The act seeks to protect consumers who act both honestly and reasonably when applying for insurance. In future, claims will be declined (for misrepresentation) only where the disclosure has been deliberate, careless or misleading. In turn, this should increase consumer confidence in insurers and the likelihood of claims being paid.
So, what does all this mean for the industry? Is it a revolution? Is there mass panic? Are we changing our working practices dramatically?
Well, no, not really. The beauty of the act is that it reflects many of the positive things we already do and many of the changes we’ve already put into place.
In recent times we have seen fewer claims being declined for non-disclosure (misrepresentation from now on). There are fewer assumptions made on the applicant’s behalf, fewer pre-filled answers on electronic applications and rolled-up or bundled questions are disappearing.
This is mirrored by an increase in warning messages, help text and guidance notes. The advent of tele-underwriting will also have helped ease customers through the application process.
No change in legislation is ever likely to result in all claims being paid.
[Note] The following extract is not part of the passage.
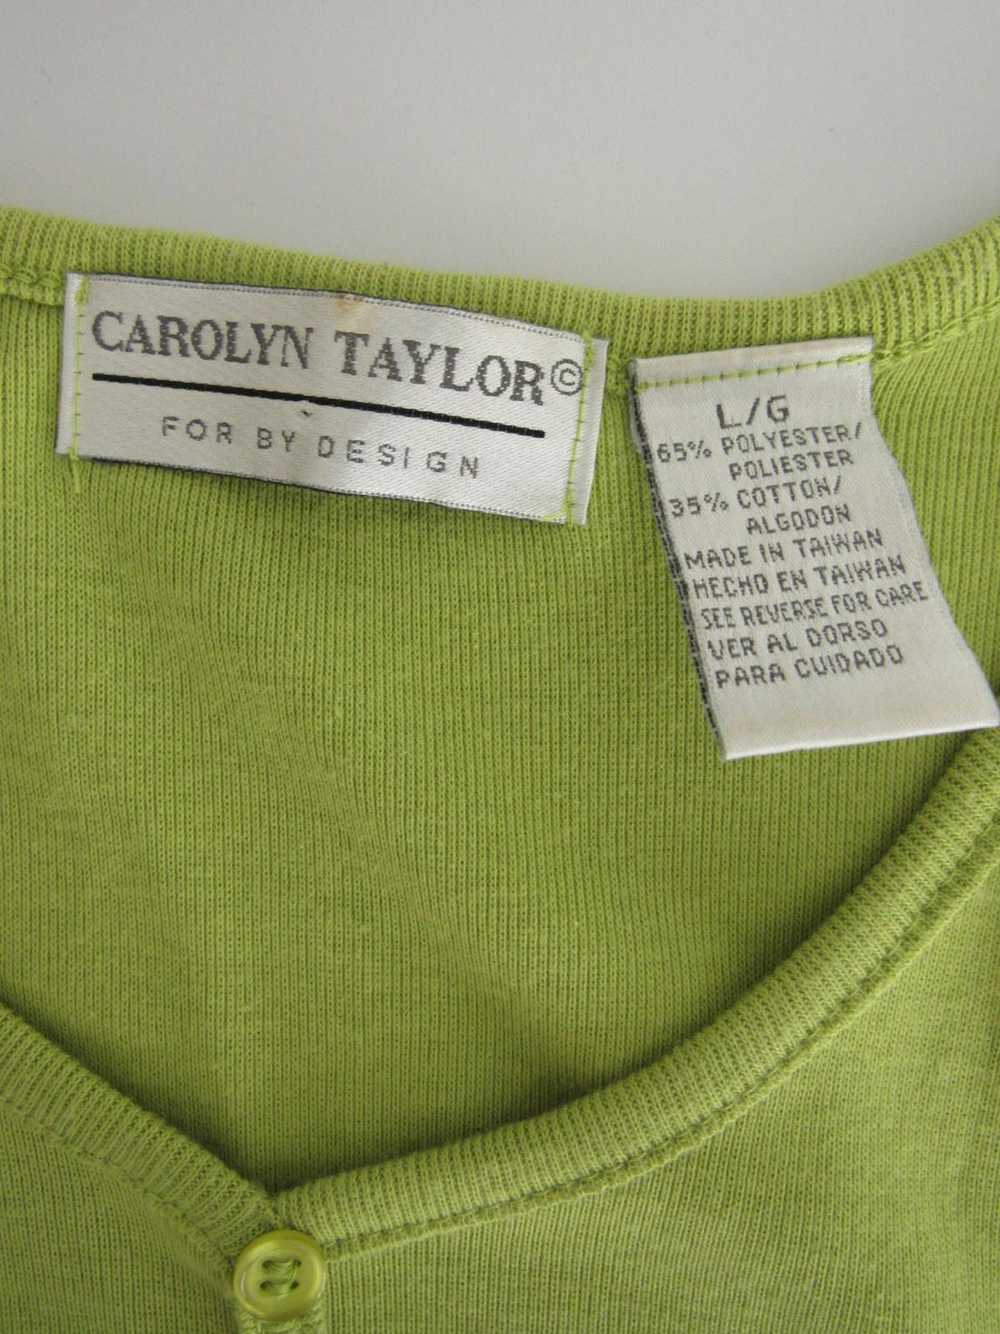 Carolyn Taylor Knit Top - image 3

Deliberate, reckless or careless misrepresentation, where the applicant knowingly makes an untrue or misleading disclosure will still exist – at Aegon we declined 3 per cent of critical illness claims for what is now referred to as misrepresentation in 2012.
The act won’t cure everything, application questions, design and layout will continue to evolve. We face an ongoing challenge to produce question sets that are both easy to navigate for customers and allow us understand and manage the risks we accept.
The great hope from all of this has to be that those potential customers who are currently turned off the idea of protection, and insurance in general, begin to have faith in the products we sell and their ability to provide the expected benefit, to honest customers, when it matters most.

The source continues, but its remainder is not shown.